In [ ]:
''''
-------------------------------------------------------------------------------
Filename   : ch3.ipynb
Date       : 2012-06-17
Author     : C. Vogel
Purpose    : Replicate the naive Bayes e-mail classifier in Chapter 3 of 
           : _Machine Learning for Hackers_.
Input Data : e-mail files, split into spam and ham (non-spam) folders are available 
           : at the book's github repository at https://github.com/johnmyleswhite/
           : ML_for_Hackers.git. This also uses r_stopwords.csv, a text file 
           : containing a list of stopwords used by R's tm package.
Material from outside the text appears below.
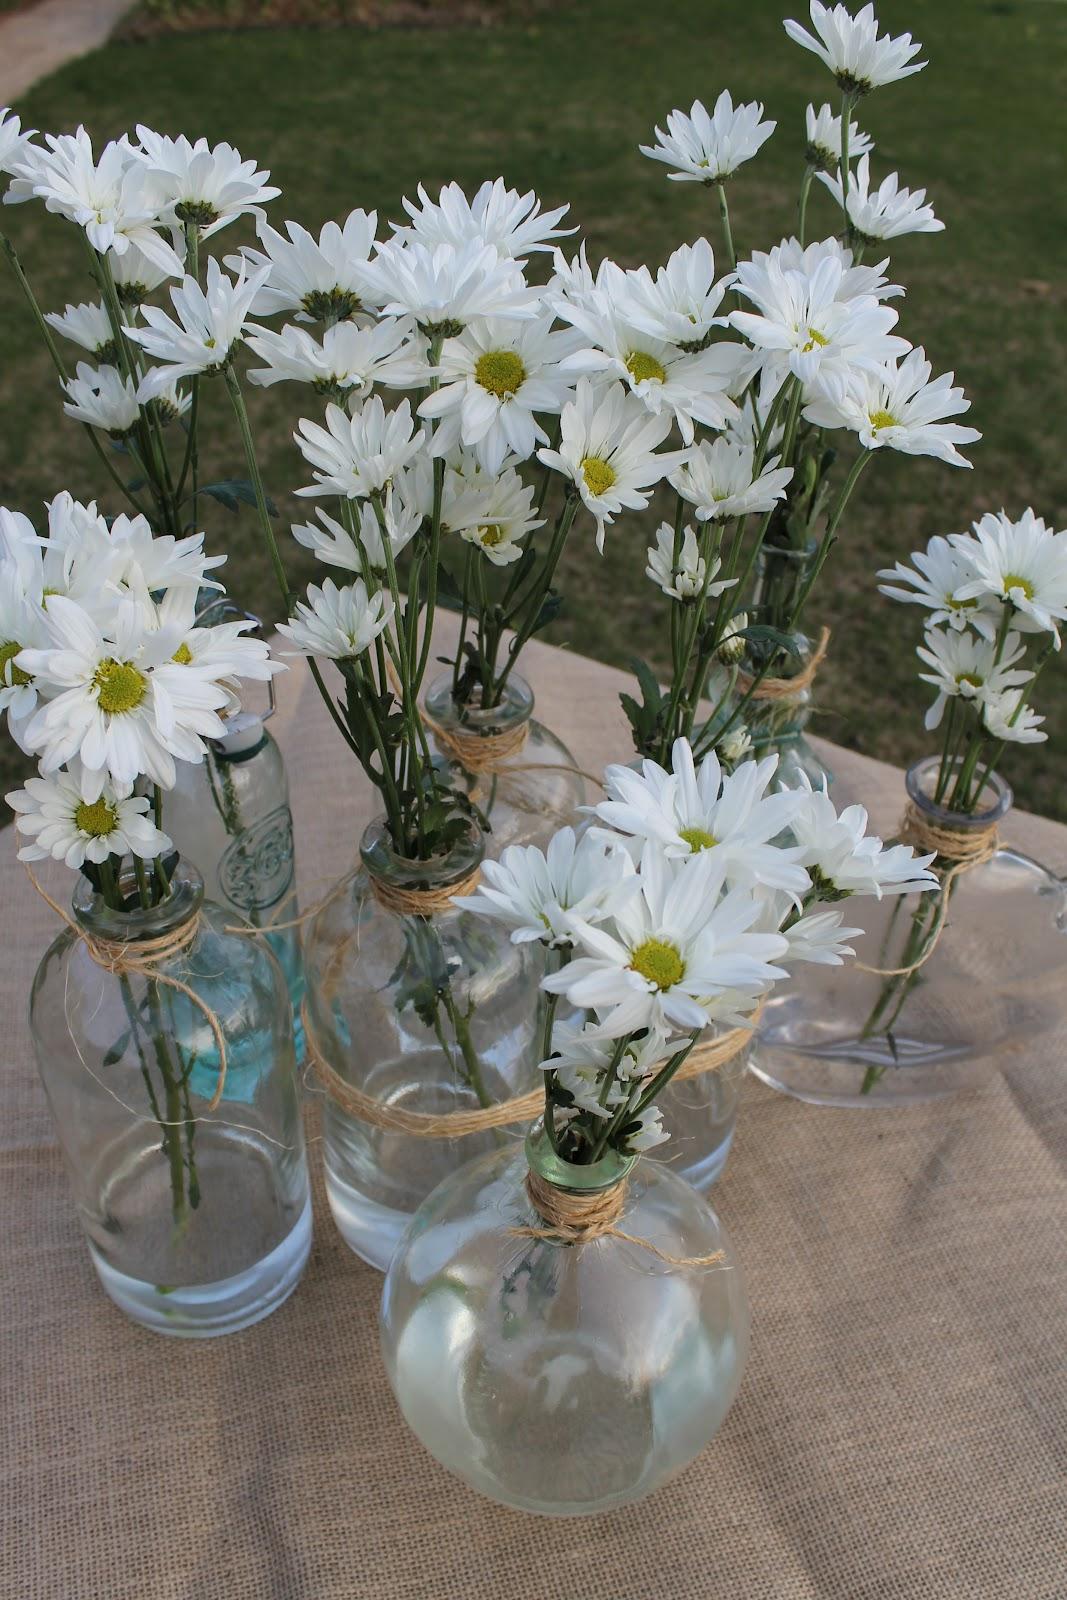 Pushing up daisies miss kopy kat daisies in glass vases reviewsmspy

This is used
           : to facilitate comparability with the results of the R analysis.
Libraries  : Numpy 1.6.1, Pandas 0.7.3, NLTK 2.0.1, textmining
-------------------------------------------------------------------------------

This notebook is a Python port of the R code in Chapter 3 of _Machine Learning
for Hackers_ by D. Conway and J.M. White.

E-mail files, split into folders classified as spam or ham (non-spam) should be located 
in a /data/ subfolder of the working directory. See the paths defined just after the import
statements below to see what directory structure this script requires. Copying complete
data folder from the book's github repository should be sufficient.
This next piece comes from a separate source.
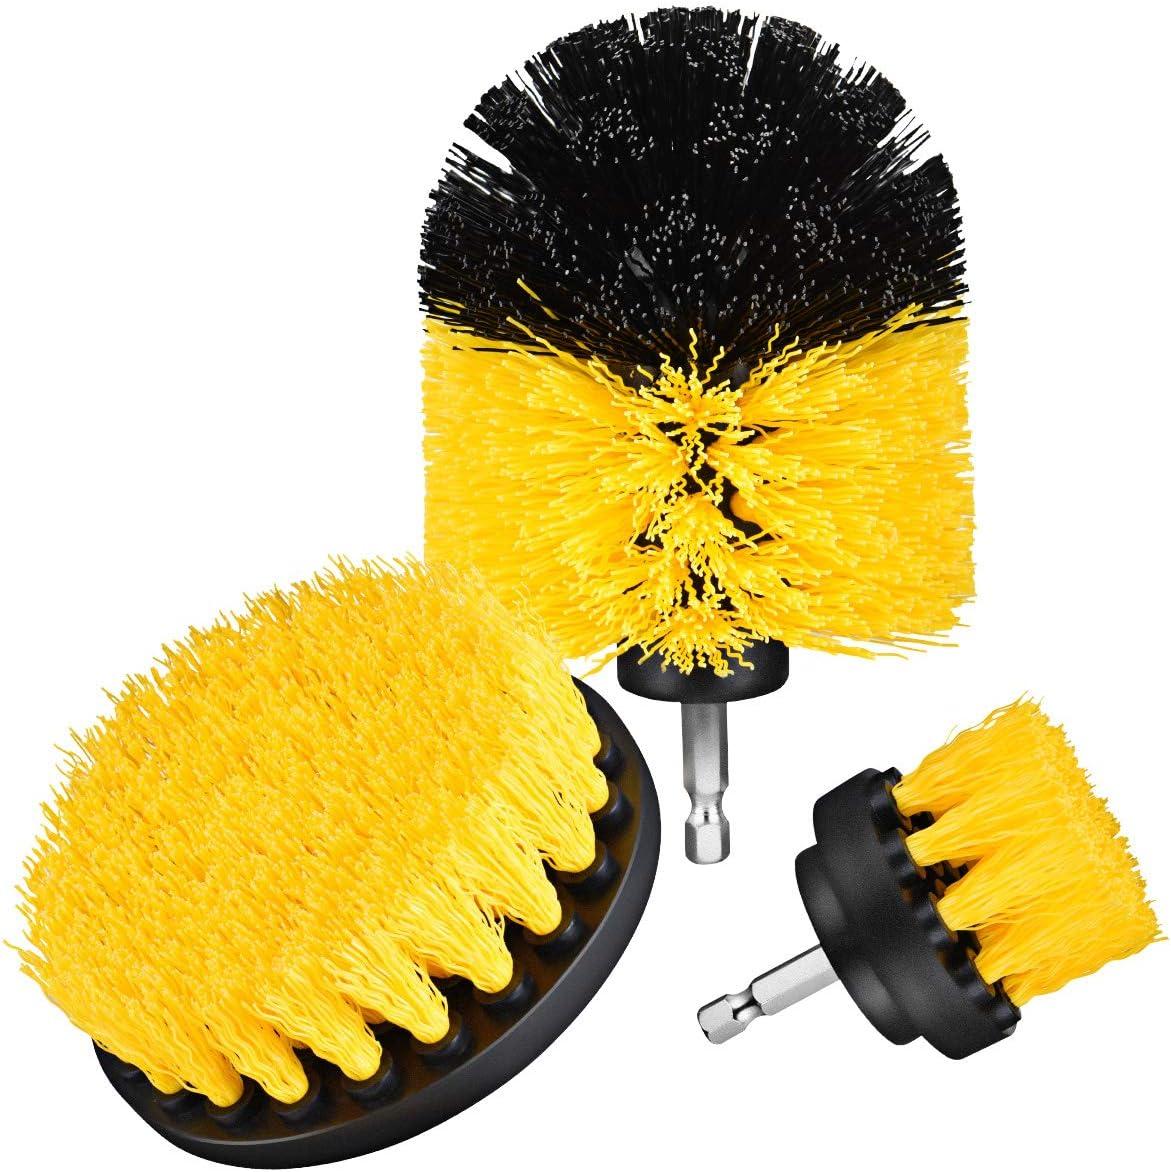 3 Pcs Nylon Drill Powered Cleaning Brushes Kit for Bathroom Surface Tub All Purpose Power Scrubber Cleaning Brush Kit Tire Toilet,Bathtub Kitchen,Tile Holife Drillbrush

For a detailed description of the analysis and the process of porting it
to Python, see: slendrmeans.wordpress.com/will-it-python.
'''
In [1]:
import os
import math
import string
import nltk
from nltk.corpus import stopwords
import numpy as np
import textmining as txtm
from pandas import *
In [2]:
# Directories with e-mail data
# The spam and ham files are broken into multiple 
# directories so as to separate training and evaluation data
data_path = os.path.abspath(os.path.join('.', 'data'))
spam_path = os.path.join(data_path, 'spam')
spam2_path = os.path.join(data_path, 'spam_2') 
easyham_path = os.path.join(data_path, 'easy_ham')
easyham2_path = os.path.join(data_path, 'easy_ham_2')
hardham_path = os.path.join(data_path, 'hard_ham')
hardham2_path = os.path.join(data_path, 'hard_ham_2')
In [3]:
def get_msg(path):
    '''
    Read in the `message` portion of an e-mail, given
    its file path. The `message` text begins after the first
    blank line; above is header information.

    Returns a string.
    '''
    with open(path, 'rU') as con:
        msg = con.readlines()
        first_blank_index = msg.index('\n')
        msg = msg[(first_blank_index + 1): ]
        return ''.join(msg)       
In [4]:
def get_msgdir(path):
    '''
    Read all messages from files in a directory into
    a list where each item is the text of a message. 
    
    Simply gets a list of e-mail files in a directory,
    and iterates `get_msg()` over them.

    Returns a list of strings.
    '''
    filelist = os.listdir(path)
    filelist = filter(lambda x: x != 'cmds', filelist)
    all_msgs =[get_msg(os.path.join(path, f)) for f in filelist]
    return all_msgs
In [5]:
# Get lists containing messages of each type.
all_spam = get_msgdir(spam_path)
all_easyham = get_msgdir(easyham_path)
all_easyham = all_easyham[:500]
all_hardham = get_msgdir(hardham_path)
In [6]:
# Get stopwords.
# NLTK stopwords
sw = stopwords.words('english')
# Stopwords exported from the 'tm' library in R.
rsw = read_csv('r_stopwords.csv')['x'].values.tolist() 
In [7]:
def tdm_df(doclist, stopwords = [], remove_punctuation = True, 
           remove_digits = True, sparse_df = False):
    '''
    Create a term-document matrix from a list of e-mails.
    
    Uses the TermDocumentMatrix function in the `textmining` module.
    But, pre-processes the documents to remove digits and punctuation,
    and post-processes to remove stopwords, to match the functionality 
    of R's `tm` package.

    NB: This is not particularly memory efficient and you can get memory 
    errors with an especially long list of documents.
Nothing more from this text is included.